Understandably, last year, the JOVM mainstay had hopes to build upon the momentum of the previous year with a handful of opportunities that came her way that many artists across the world would kill for: Early last year, it was announced that she was cited to play blues and rock ‘n’ roll pioneer Sister Rosetta Tharpe in Baz Luhrmann’s musical drama Elvis alongside Austin Butler in the title role, Tom Hanks as Colonel Tom Parker and Maggie Gyllenhaal as Presley’s mother. Unfortunately, the COVID-19 pandemic threw a series of monkey wrenches into her hopes and plans: Tom Hanks wound up contracting COVID-19 while filming in Australia and the rest of the shooting schedule was delayed for the better part of a year. In between filming, she was supposed to play a series of dates opening for country superstar Chris Stapleton and Grammy Award-winning acts  The Black Keys and Brandi Carlile — with one of those shows being at Madison Square Garden, which also got postponed indefinitely as a result of the pandemic.

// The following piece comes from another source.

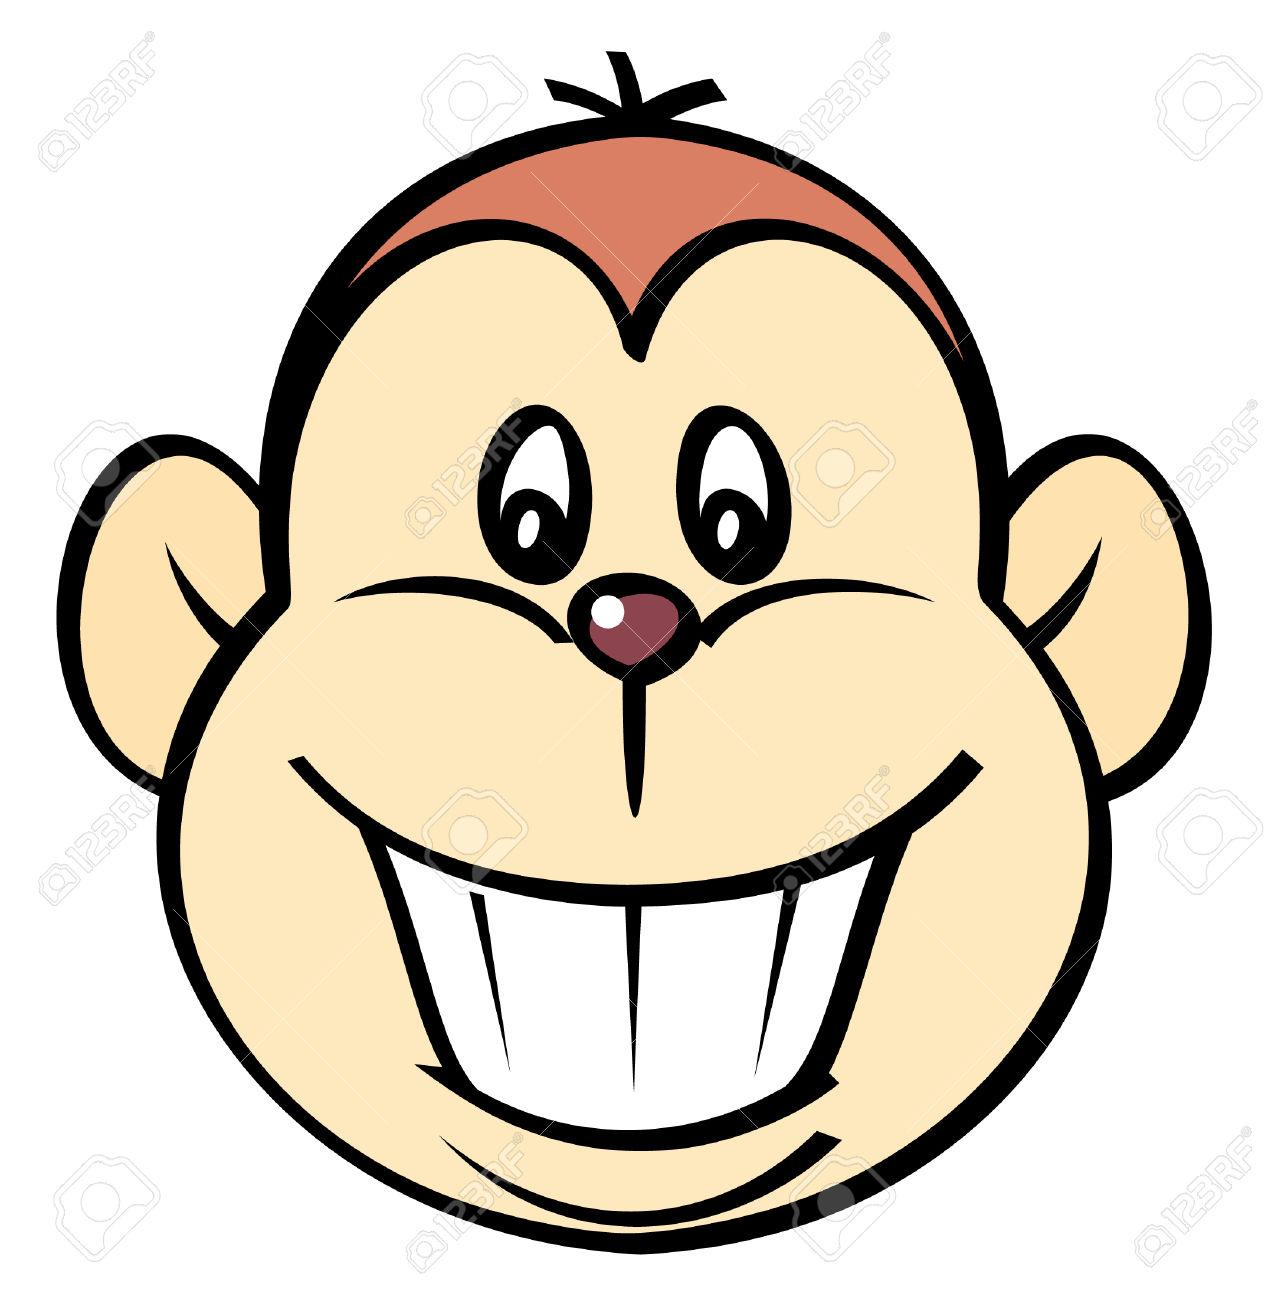 Happy Monkey Vector Illustration Royalty Free Cliparts Vectors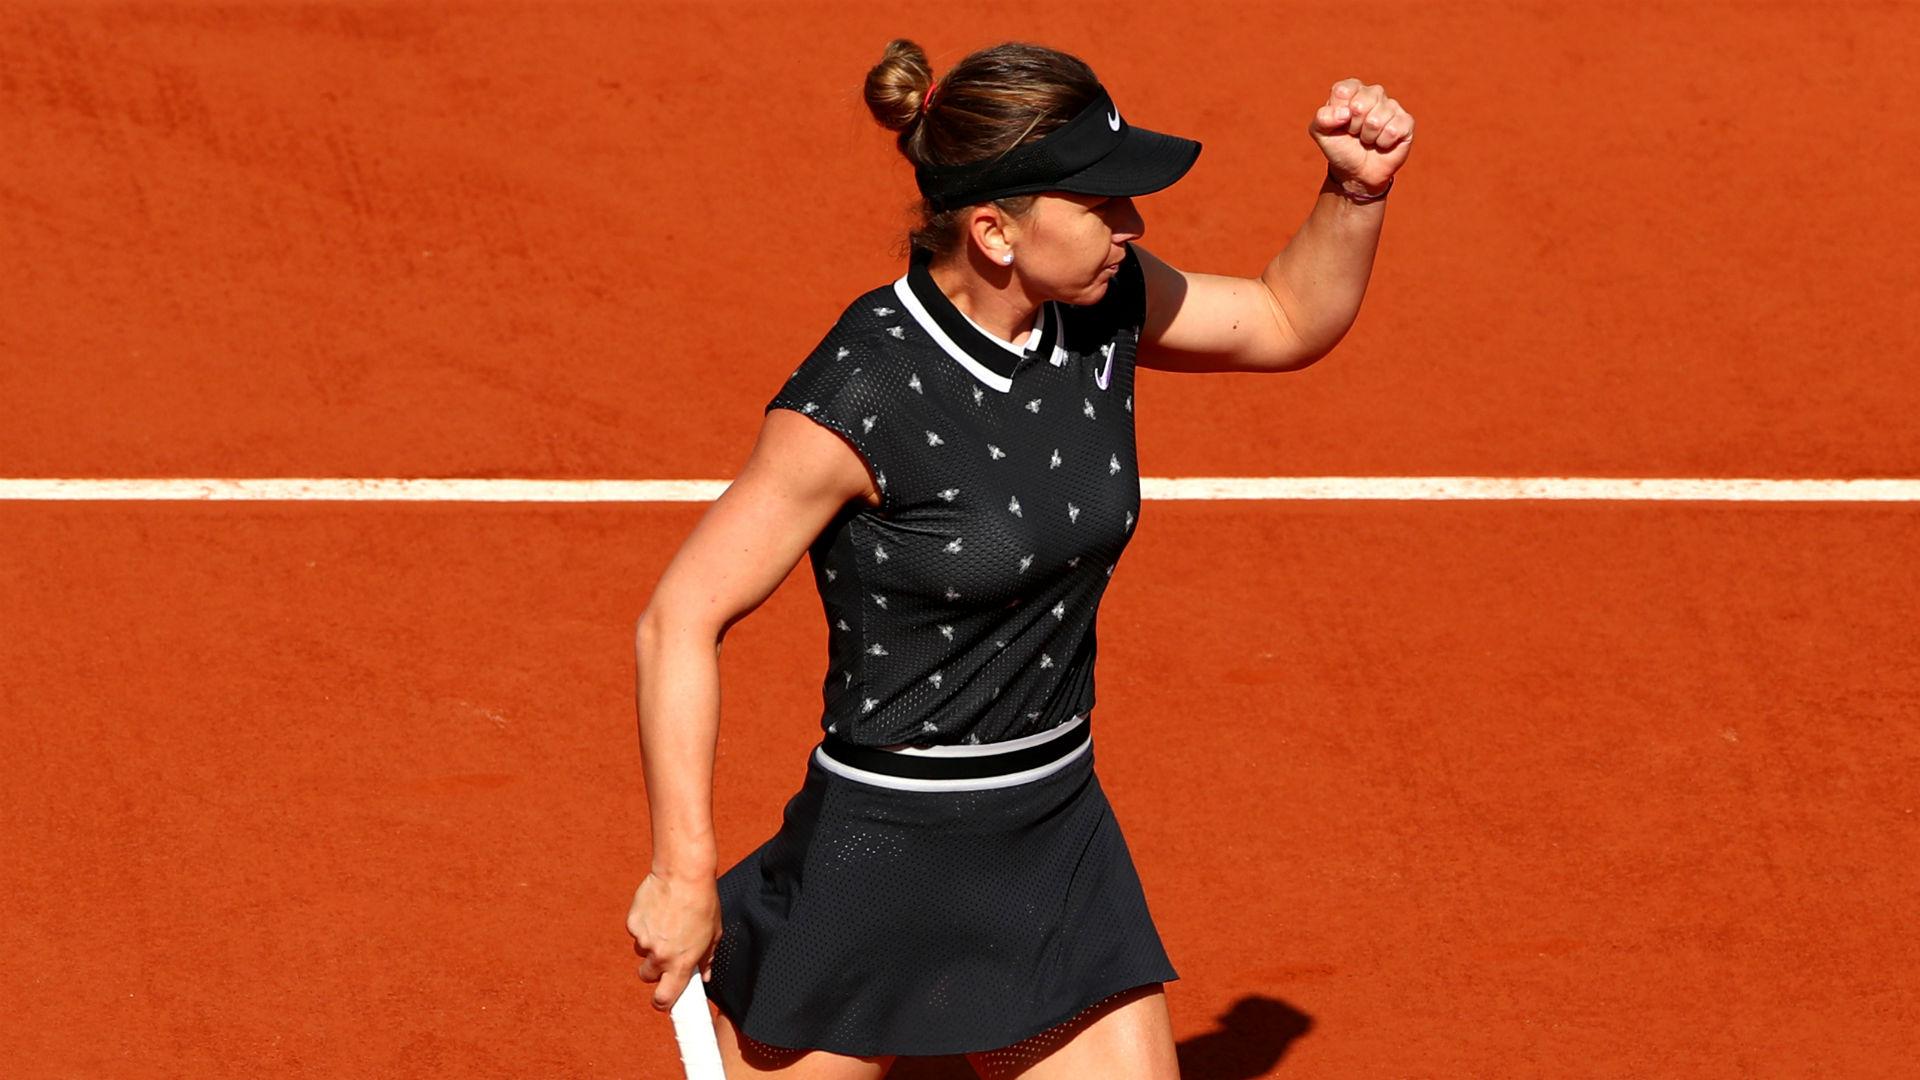 French Open quarterfinals

However, Yola was able to finish her first Stateside headlining tour, a tour that included a stop at Music Hall of Williamsburg, a few weeks before the world went into lockdown.  In lieu of touring, the Bristol-born, Nashville-based artist wound up making virtual stops across the domestic, late night television show circuit: She played album bonus track “I Don’t Want to Lie” on The Late Late Show with James Corden — and she played a gospel-tinged cover of Nina Simone‘s classic and beloved “To Be Young, Gifted and Black” filmed at The Ryman Auditorium for Late Night with Seth Meyers. 

The Bristol-born, Nashville-based JOVM mainstay used the unexpected gift of time and space to ground herself physically and mentally as she began to write the material that would eventually become her highly-anticipated sophomore album Stand For Myself. Some of the album’s material was written several years previously and inspired by deeply personal moments, like her mother’s funeral. Other songs were written during pandemic isolation, and as a result they reflect on her personal and collective moments of longing and awakening. Tracks were also cowritten with Ruby Amanfu, John Bettis, Pat McLaughlin, Natalie Hemby, Joy Oladokun, Paul Overstreet, Liz Rose, Aaron Lee Tasjan, Hannah Vasanth and Bobby Wood. The album’s material will likely make a connection with anyone who has experienced feeling as though they were an “other” while urging the listener to challenge the biases that fuel bigotry, inequality and tokenism, which have deeply impacted her personal life and career.

“It’s a collection of stories of allyship, black feminine strength through vulnerability, and loving connection from the sexual to the social. All celebrating a change in thinking and paradigm shift at their core.” Yola says in press note, adding, “It is an album not blindly positive and it does not simply plead for everyone to come together. It instead explores ways that we need to stand for ourselves throughout our lives, what limits our connection as humans and declares that real change will come when we challenge our thinking and acknowledge our true complexity.” Ultimately, the JOVM mainstay’s hope is that the album will encourage both empathy and self actualization, all while returning to where she started, to the real Yola. “I kind of got talked out of being me, and now I’m here. This is who I’ve always been in music and in life. There was a little hiatus where I got brainwashed out of my own majesty, but a bitch is back.”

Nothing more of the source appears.